WHAT YOU NEED TO DO: A faithful copy of the data below is required, leaving out every picture.

COLLECTED DATA:
-------
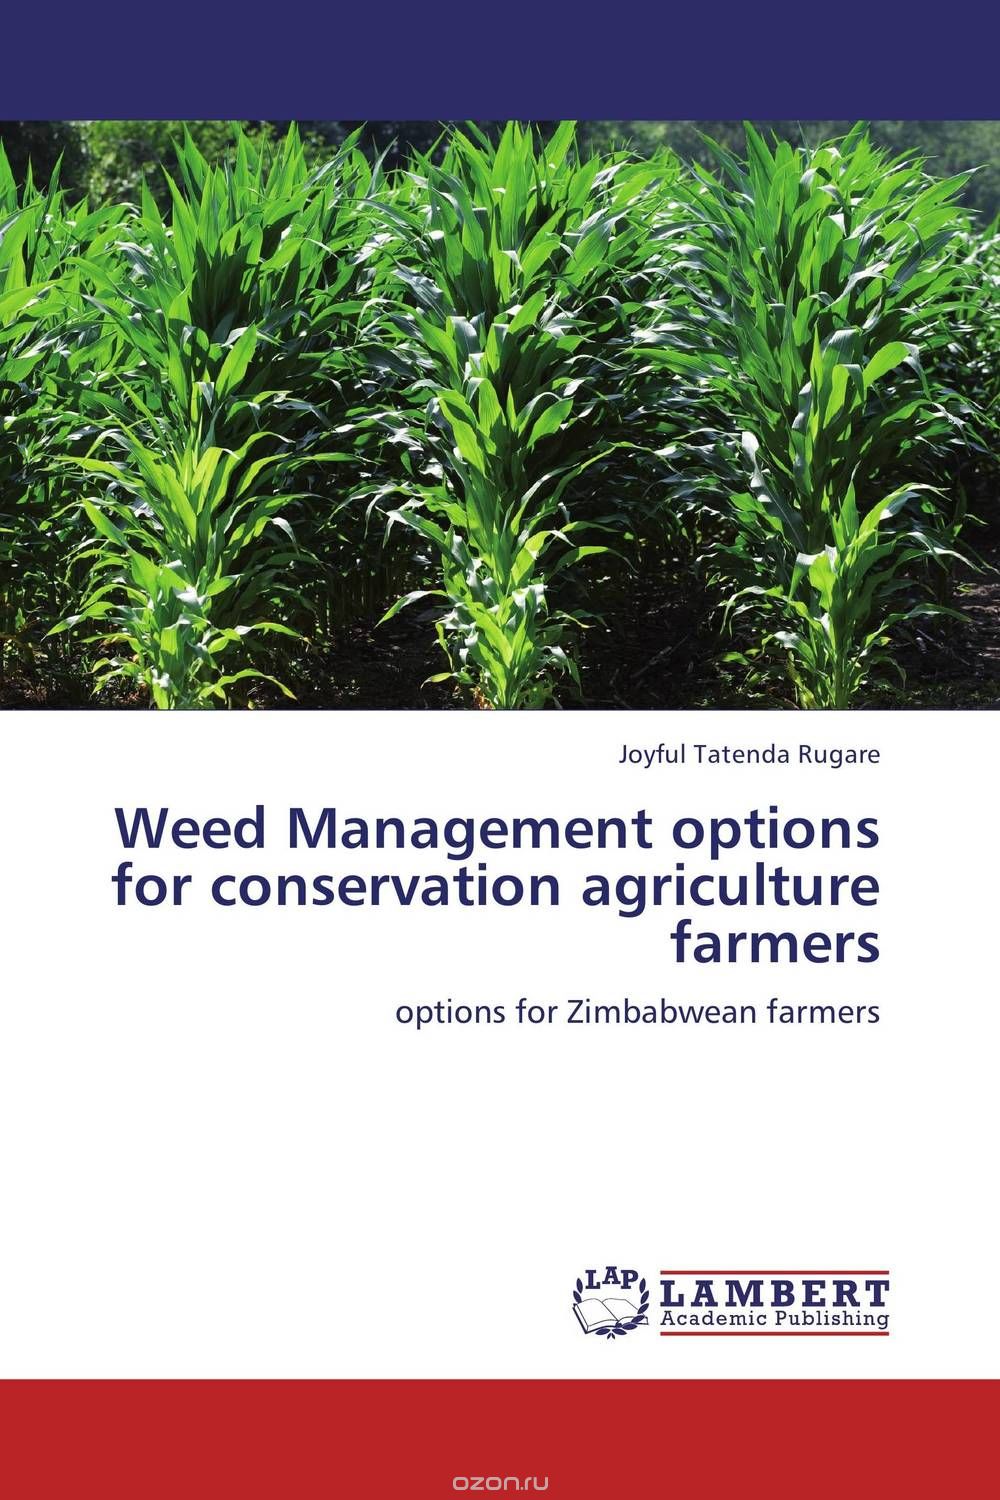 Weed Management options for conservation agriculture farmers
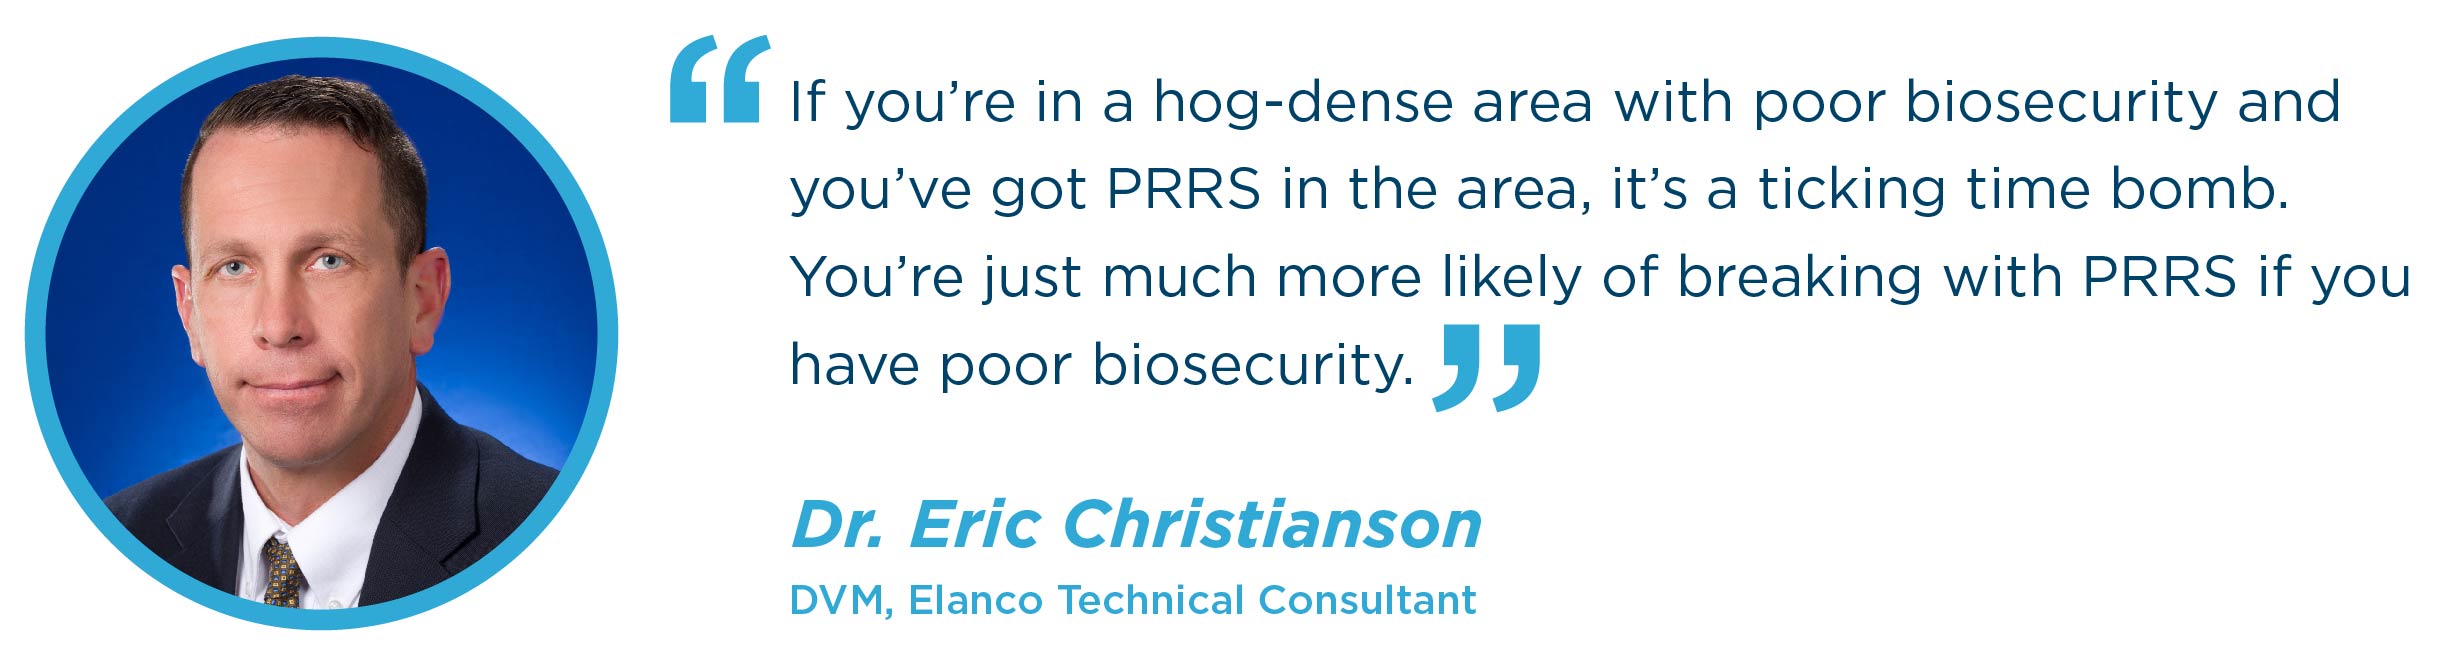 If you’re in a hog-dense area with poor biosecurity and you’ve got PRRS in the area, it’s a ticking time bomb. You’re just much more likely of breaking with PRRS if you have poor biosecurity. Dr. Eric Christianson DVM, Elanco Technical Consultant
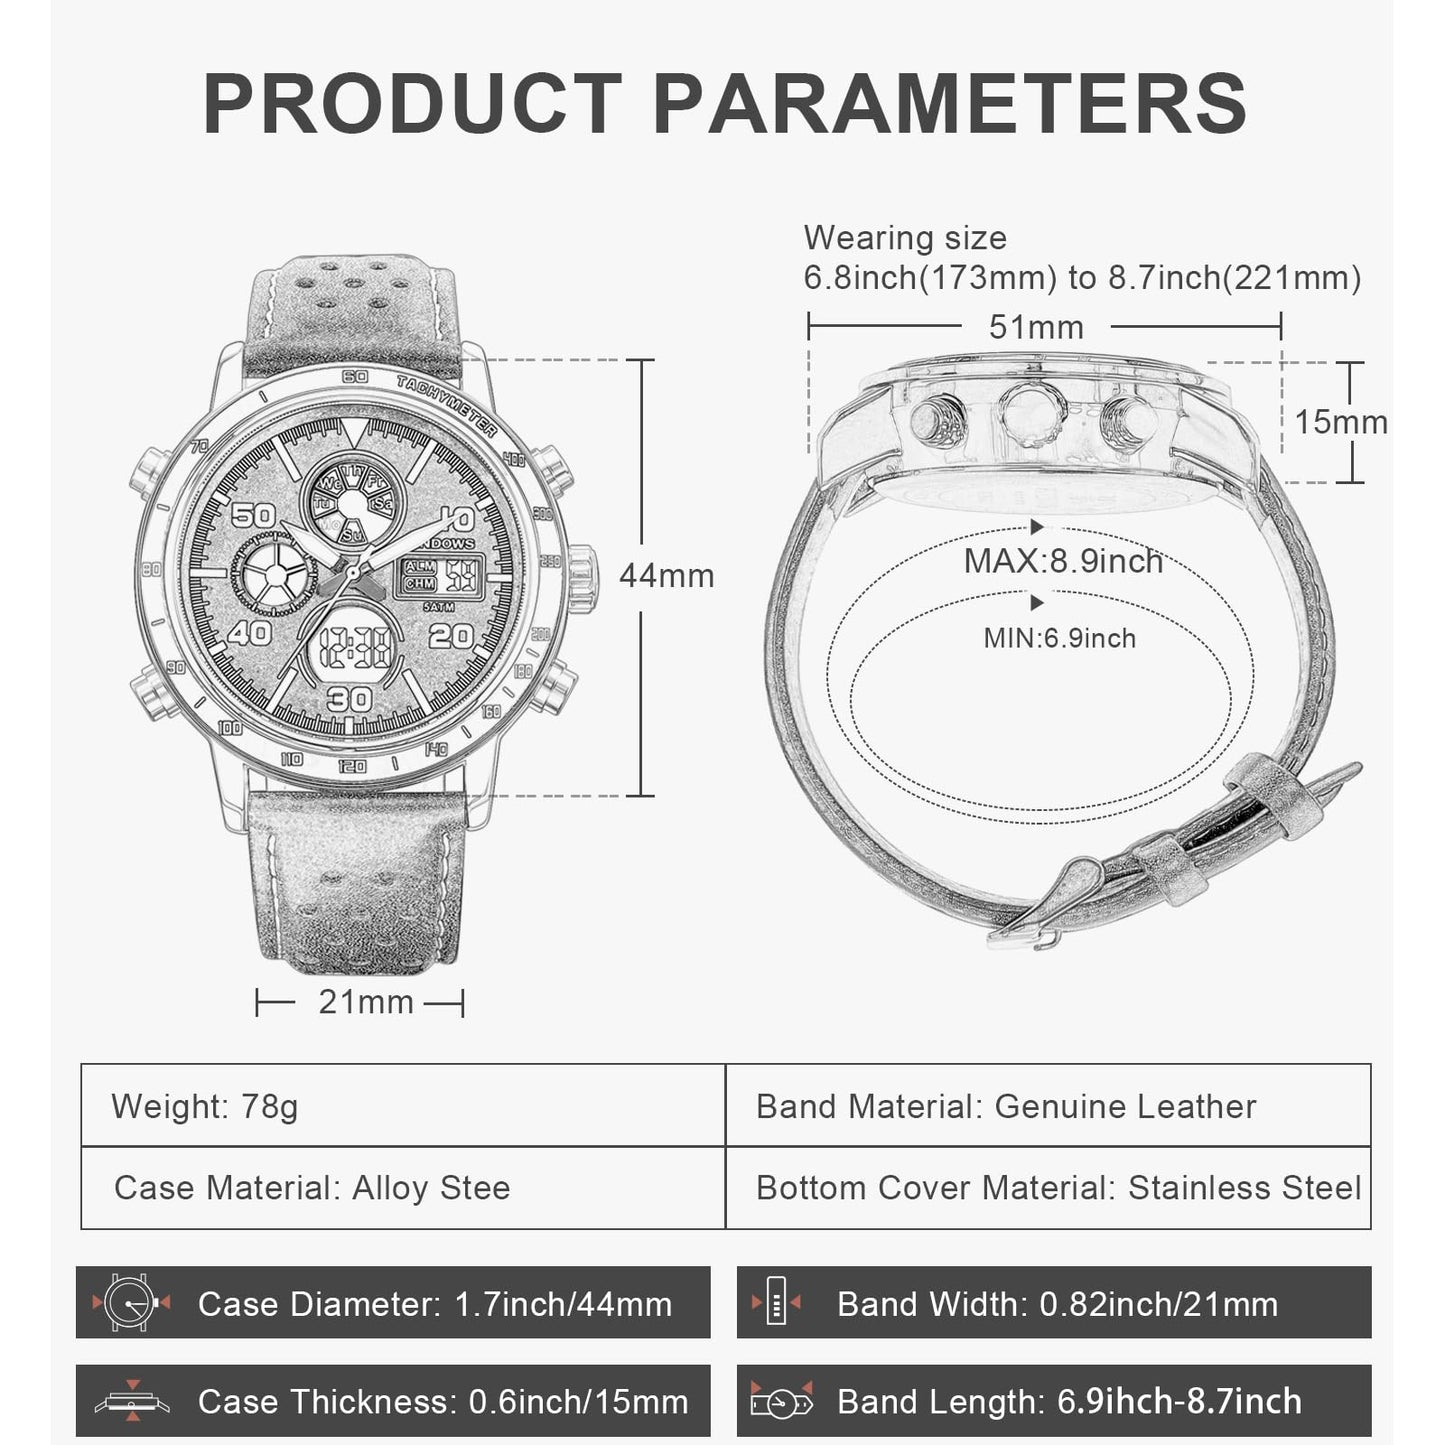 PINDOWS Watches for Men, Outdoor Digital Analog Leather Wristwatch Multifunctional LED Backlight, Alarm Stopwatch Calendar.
-------
TASK ANSWER:
 Weed Management options for conservation agriculture farmers
 If you’re in a hog-dense area with poor biosecurity and you’ve got PRRS in the area, it’s a ticking time bomb. You’re just much more likely of breaking with PRRS if you have poor biosecurity. Dr. Eric Christianson DVM, Elanco Technical Consultant
 PINDOWS Watches for Men, Outdoor Digital Analog Leather Wristwatch Multifunctional LED Backlight, Alarm Stopwatch Calendar.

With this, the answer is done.